## Given information
::::

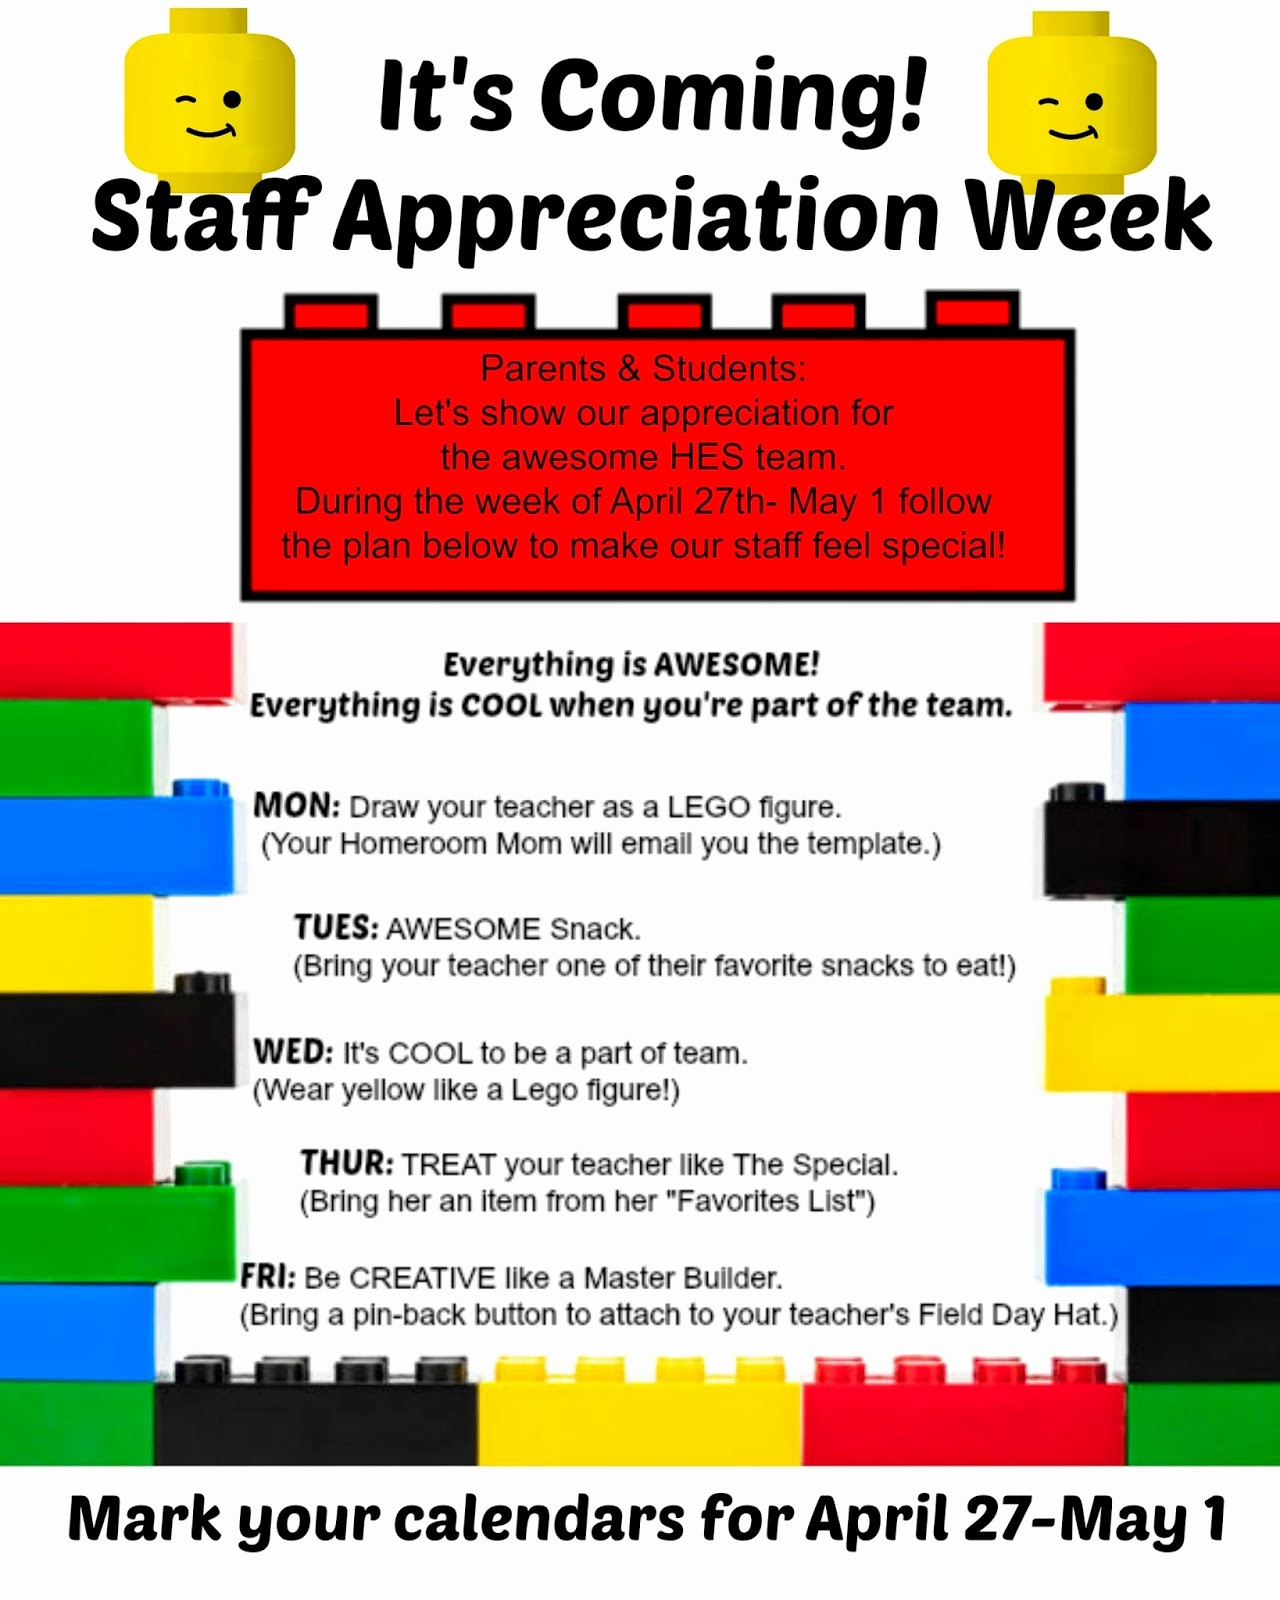 Employee Appreciation Day Flyer Template Awesome Crafty Texas Girls Staff Appreciation Lego theme
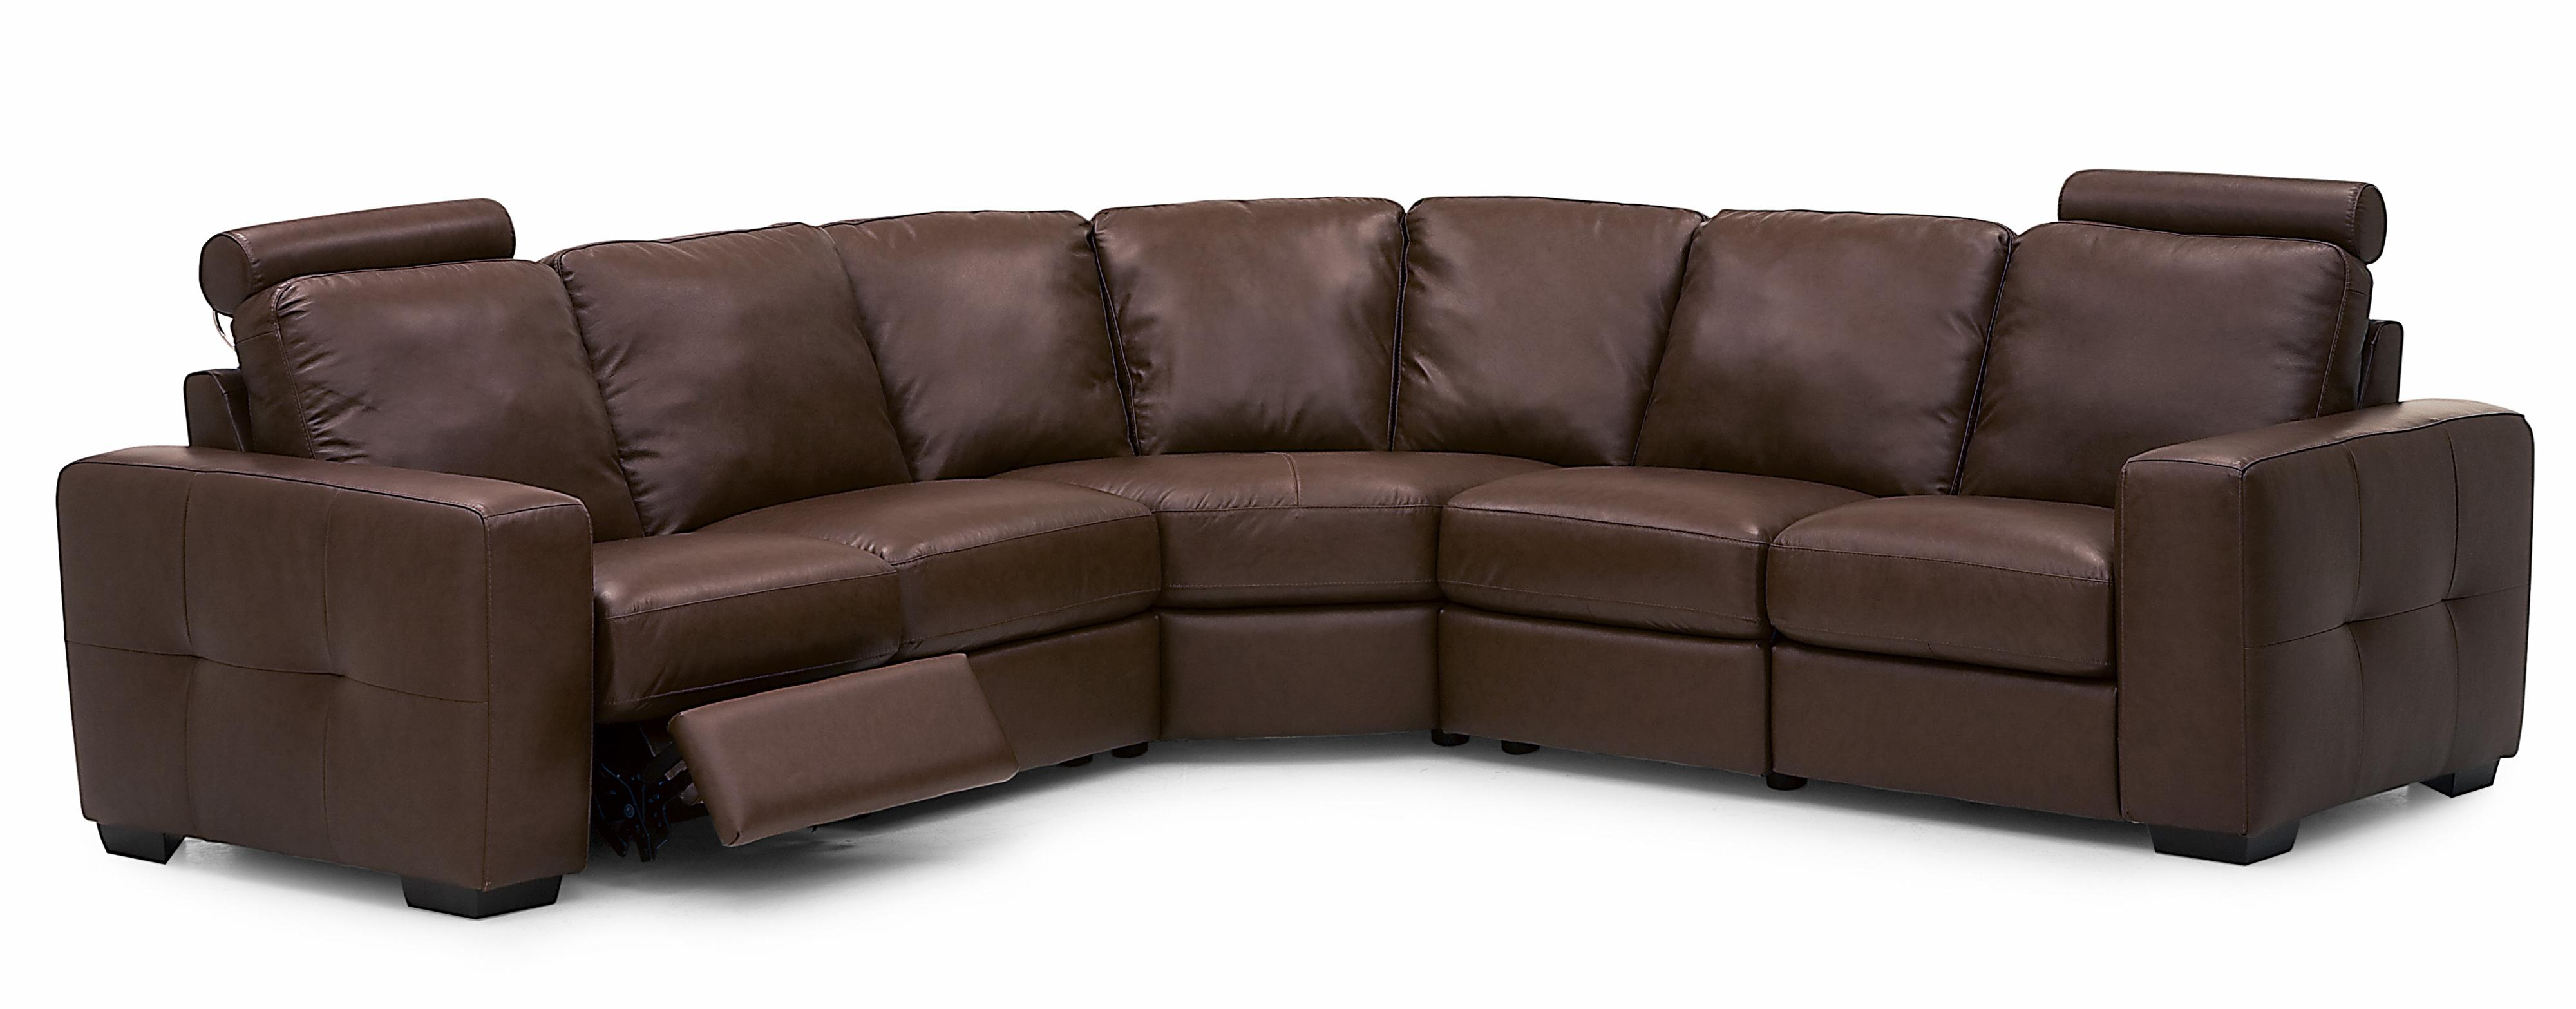 Palliser Push Contemporary Dual Reclining Sectional Sofa
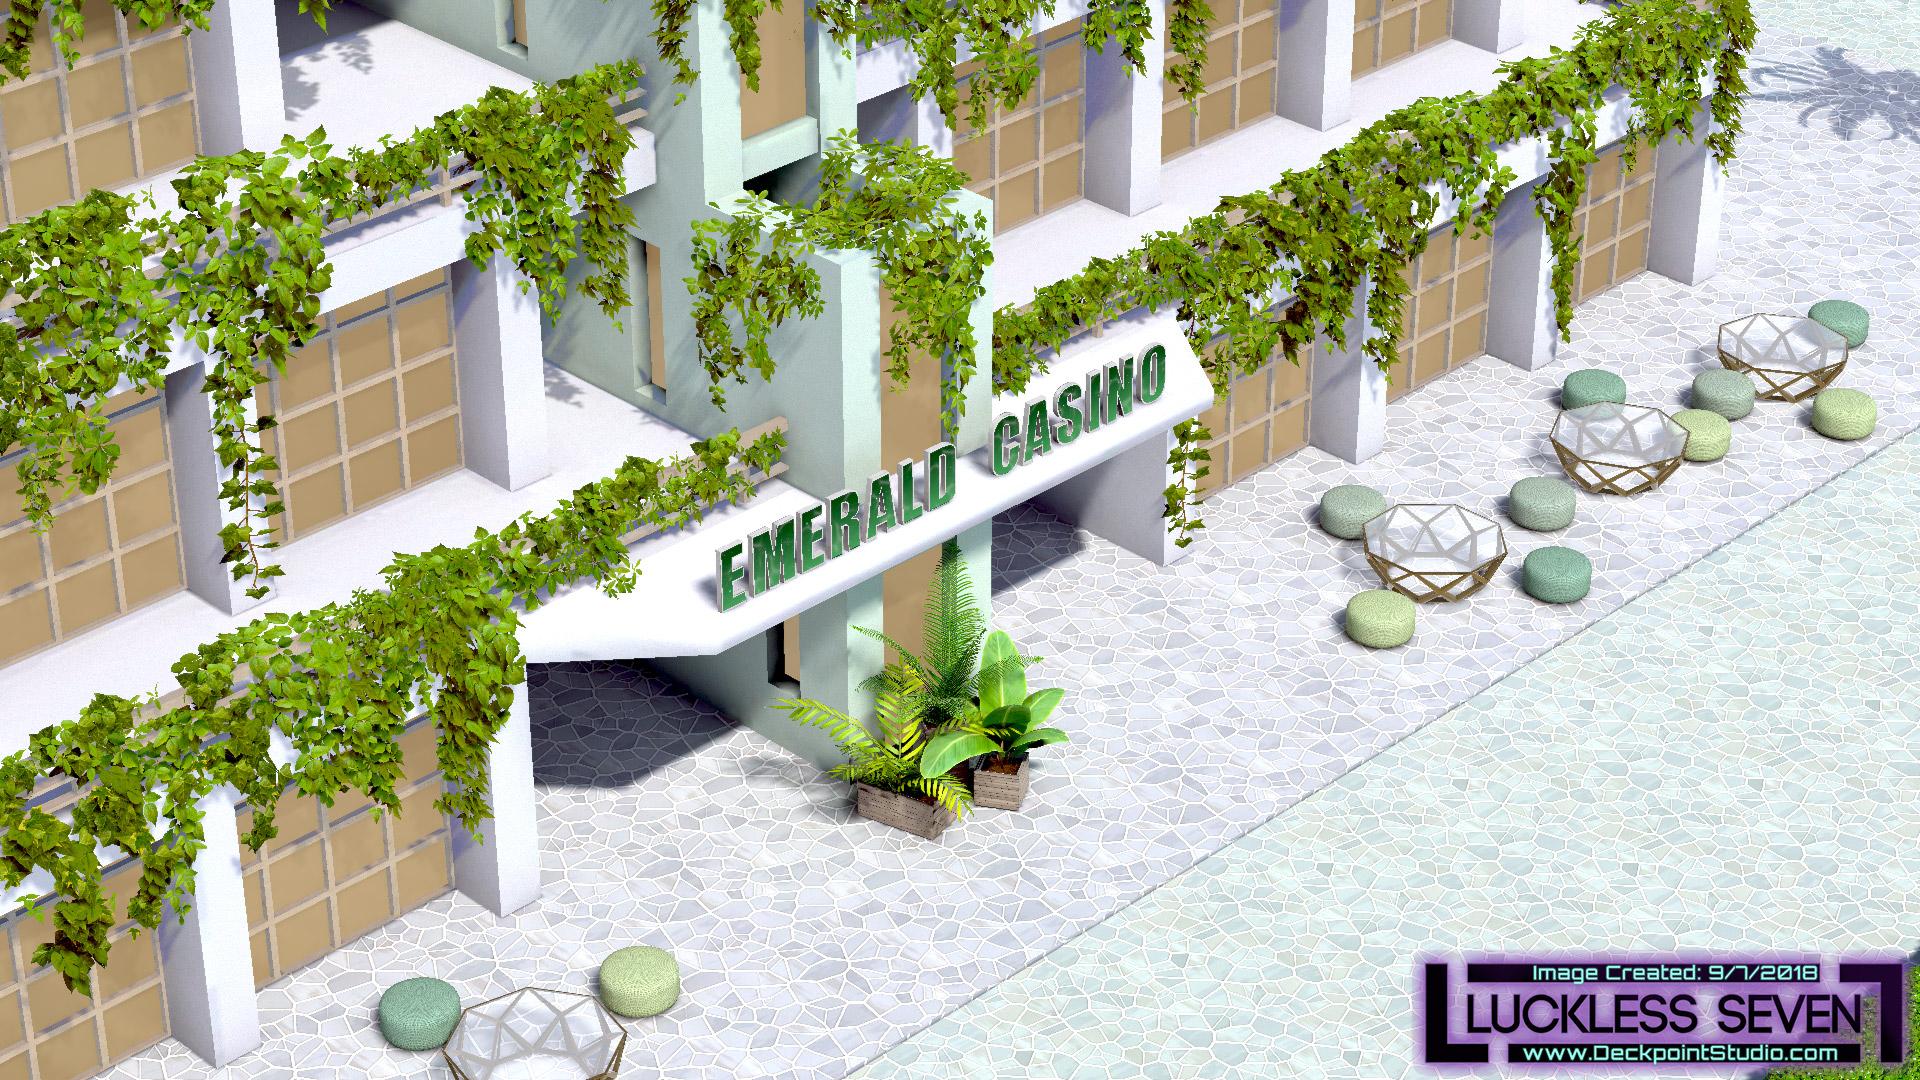 Emerald Casino Luckless Seven 7

::::

## Assignment
Transcribe, without alteration, each line from the one with "Palliser Push Contemporary" through the last line of the data; no pictures belong in the copy.

## Answer for this exercise
 Palliser Push Contemporary Dual Reclining Sectional Sofa
 Emerald Casino Luckless Seven 7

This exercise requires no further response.